My day was an awful one. The type that made you feel miserable and useless, even the voice in my head echoed saying something insulting. I decided that listening to some music would be beneficial while I lay down to take my mind off – of things. And that was what I did.
There’s nothing better than to just sleep the problems off, I thought to myself. Having heard someone said it before. Surprisingly, despite the troubles I had in my mind it felt really relaxing lying down and it calmed me. The music however wasn’t very relaxing. That was when I realized I had too many songs and that most of them weren’t very encouraging. I turned the music off, returned to where I laid and got back into position.
As I was laying there I felt that I was more alert than usual. I could hear the beatings of my heart and the parts of my body that ached were sharp. I was very conscious of the fact that I was lying down and my senses were responsive to my every moves. I guess I felt more alive at that moment. I could feel myself going into a deep sleep. I was in a tiny room that could fit 2 people at the most.

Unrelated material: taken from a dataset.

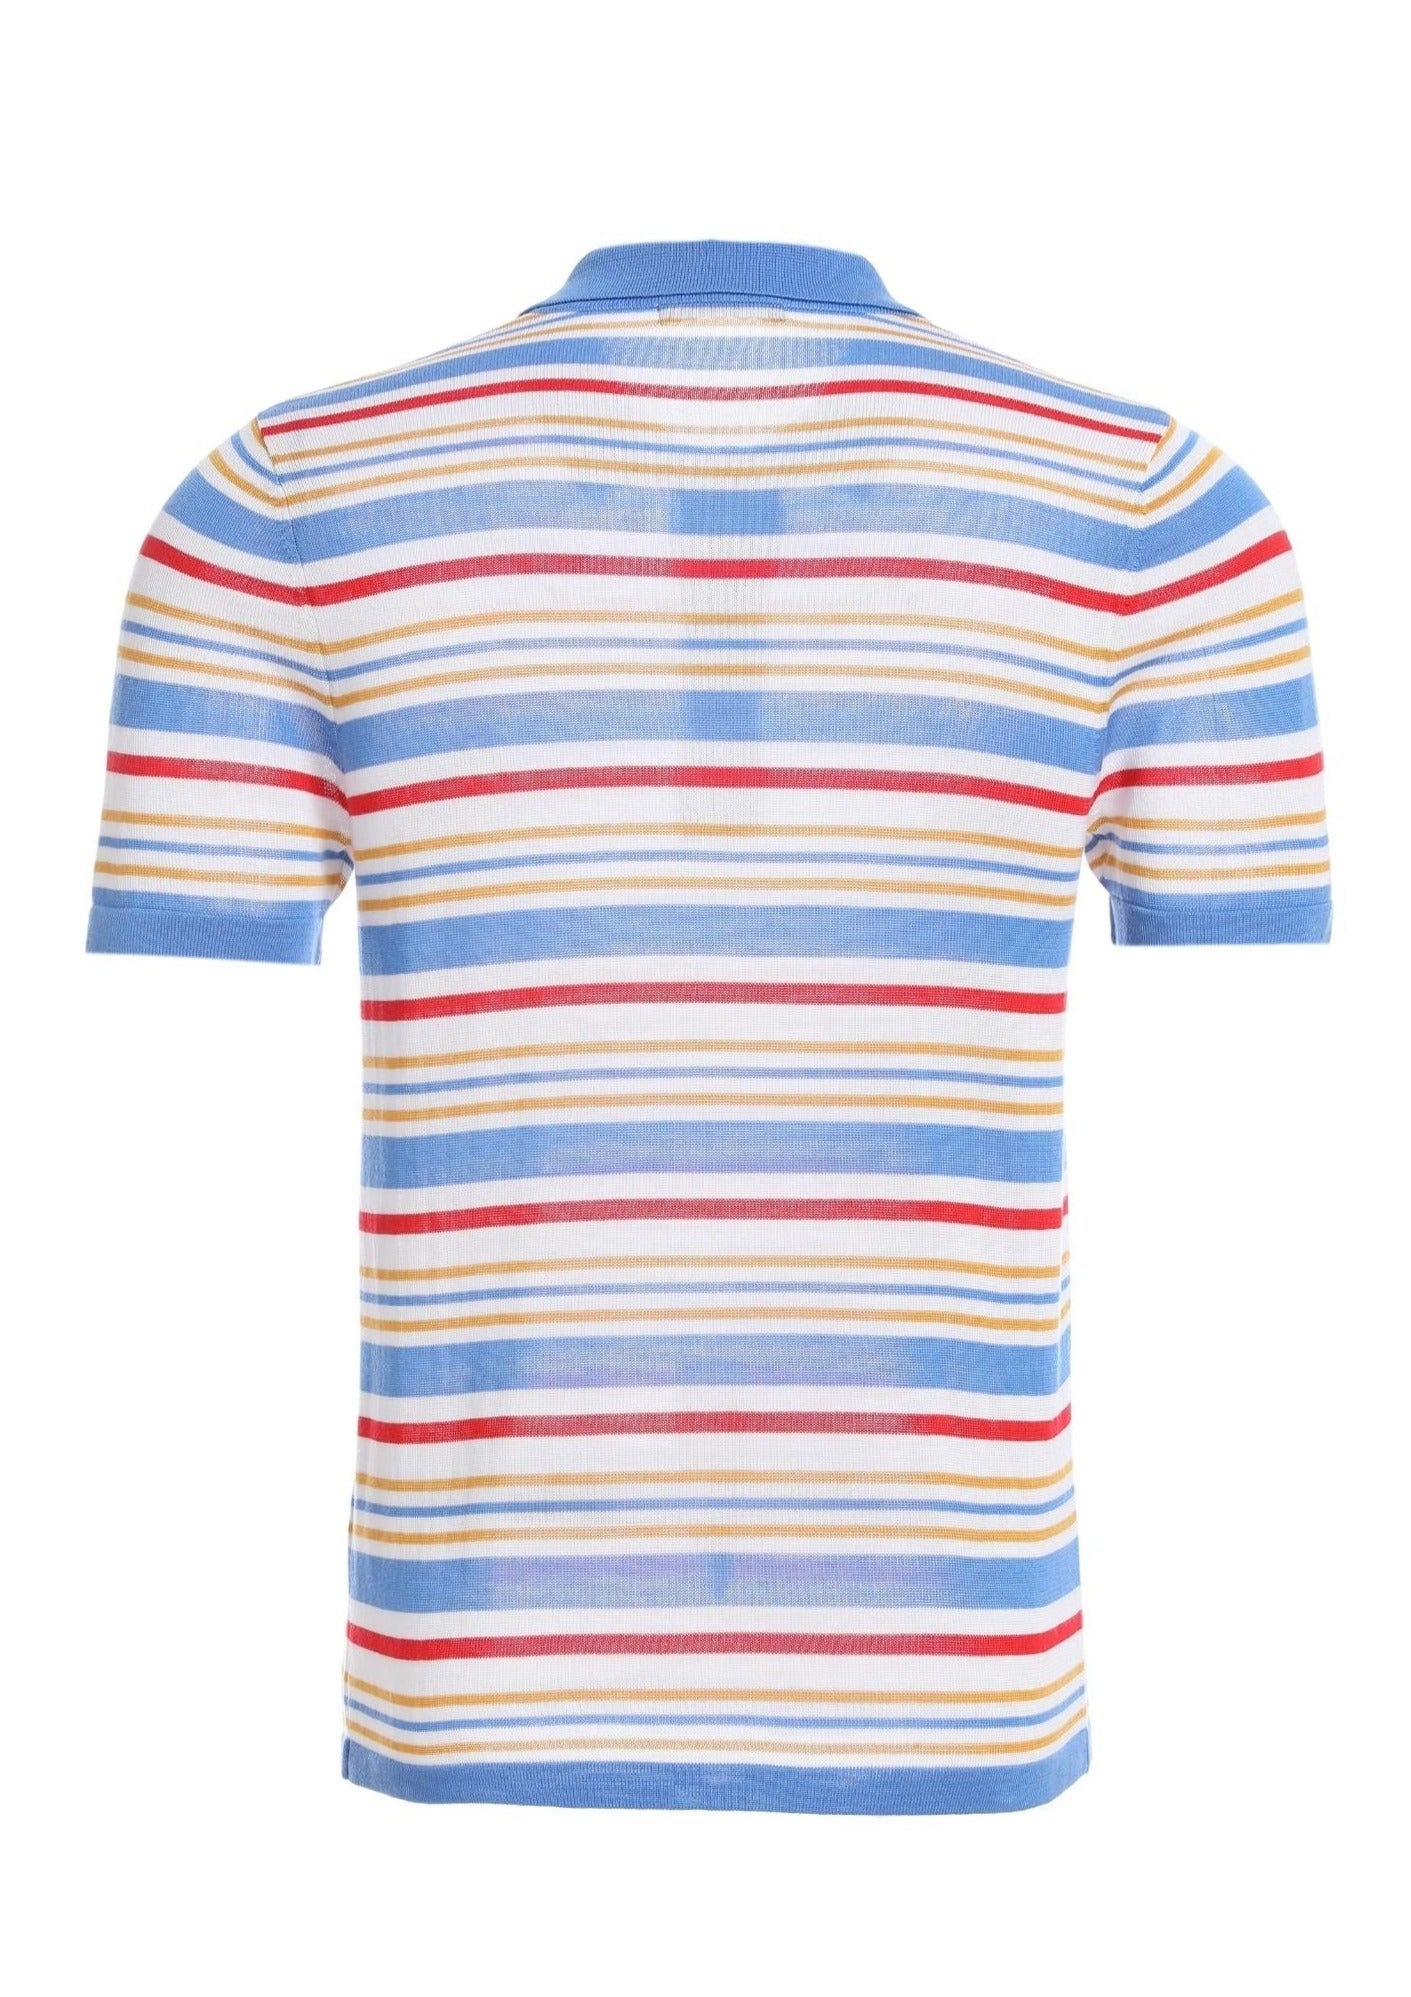 Fantasy Stripe Multicolor Tencel Polo | Stripe Multicolor Size S M L XL XXL | Bellemere New York 100% Sustainable Fashion | 100% Tencel | Tennis & Golf Polo Shirt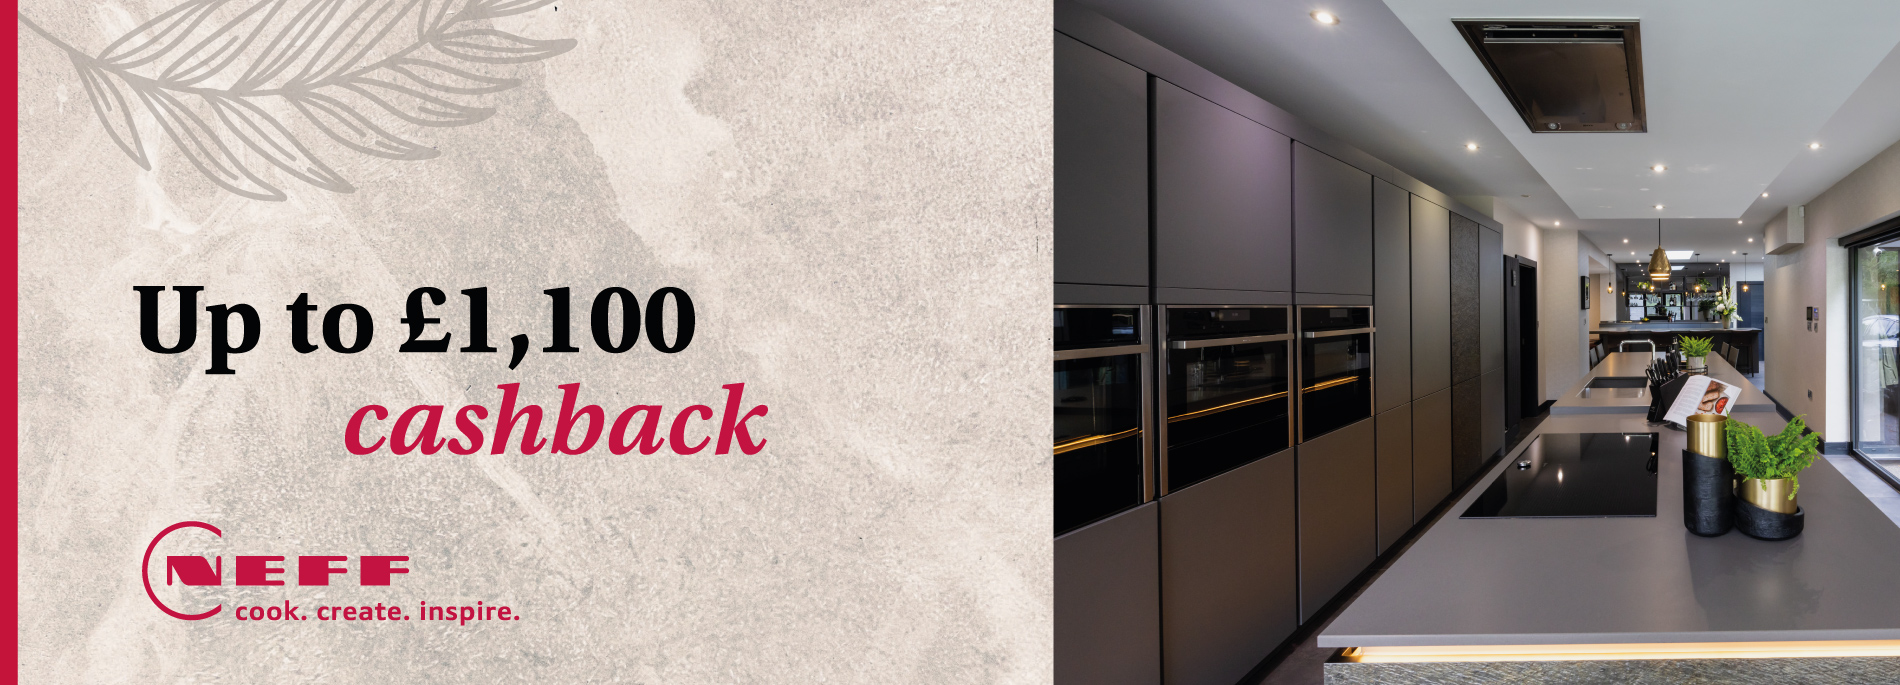 Claim up to £1100 cashback with Neff kitchen appliances!

Without any windows and the part of the door which was covered by glass was fully clad by a piece of thick cloth. The light wasn’t lit. It was dark, the air was warm. I spread my hands searching for soft materials that could be used as a pillow.
My eyes were closed now, not wanting to think too much of anything. This time it worked, I wasn’t thinking of anything. I was happy for that and I almost smiled in my sleep. That was a lie. A friend told me that there is no one period that the brain stops thinking even when you’re asleep. At least I wasn’t thinking of the problems that were bestowed upon me, the problems I inflicted to myself. My thoughts now funnily enough drifted back to where a close friend told me about some of his thoughts and mainly about his journey to work. This was a few years back and he no longer works at the same place. This is his story:
“Just like every evenings where I had to go to work on my evening shift. Wait, this was after the experimenting and finally I found the fastest route. So, just like every evening where I had to go to work on my evening shift I’d pass the same route, the same road and almost all the time the same weather. I began to observe the surroundings around me. That’s because when you walk there’s nothing much you can do but to observe everything that happens in sight. It’s something that I’d say inevitable.
The path that I take is not one with beautiful greeneries, covered with huge shady tress with colorful flowers and fresh/clean air. It had very little green and all in all it was all tar, dust and smoke. Nonetheless, I liked it when I had to walk to work; I liked to think that it’s one of those rare moments where I get to be alone and get better acquainted with myself. While that is true, I really didn’t have any other options to get there. “A man’s life is to do the things he doesn’t like in order to keep others happy.” What a sleazy way of thinking.
There weren’t much that I could observe and learn from. Mainly because I wasn’t interested in the surroundings, there was nothing appealing about it. Sometimes, only sometimes I get to witness something interesting like people arguing, people fighting, and accidents. Most of the times I was just thankful that nothing bad happened to me like get hit by a car or being chased by dogs.
Amongst all the chaos and the unimpressive experience there, there was a makcik who sold kuihs under a huge shady tree at the end of a cross junction. She worked alone but almost all the time I passed by, she’d be accompanied by a Chinese lady. Sometimes the Chinese lady would fry the kuihs for the makcik as she deal with other chores. But what I realized was that they were always together.
That wasn’t a bad goodnight story I thought and soon enough I drifted away sleeping at the surau in the office.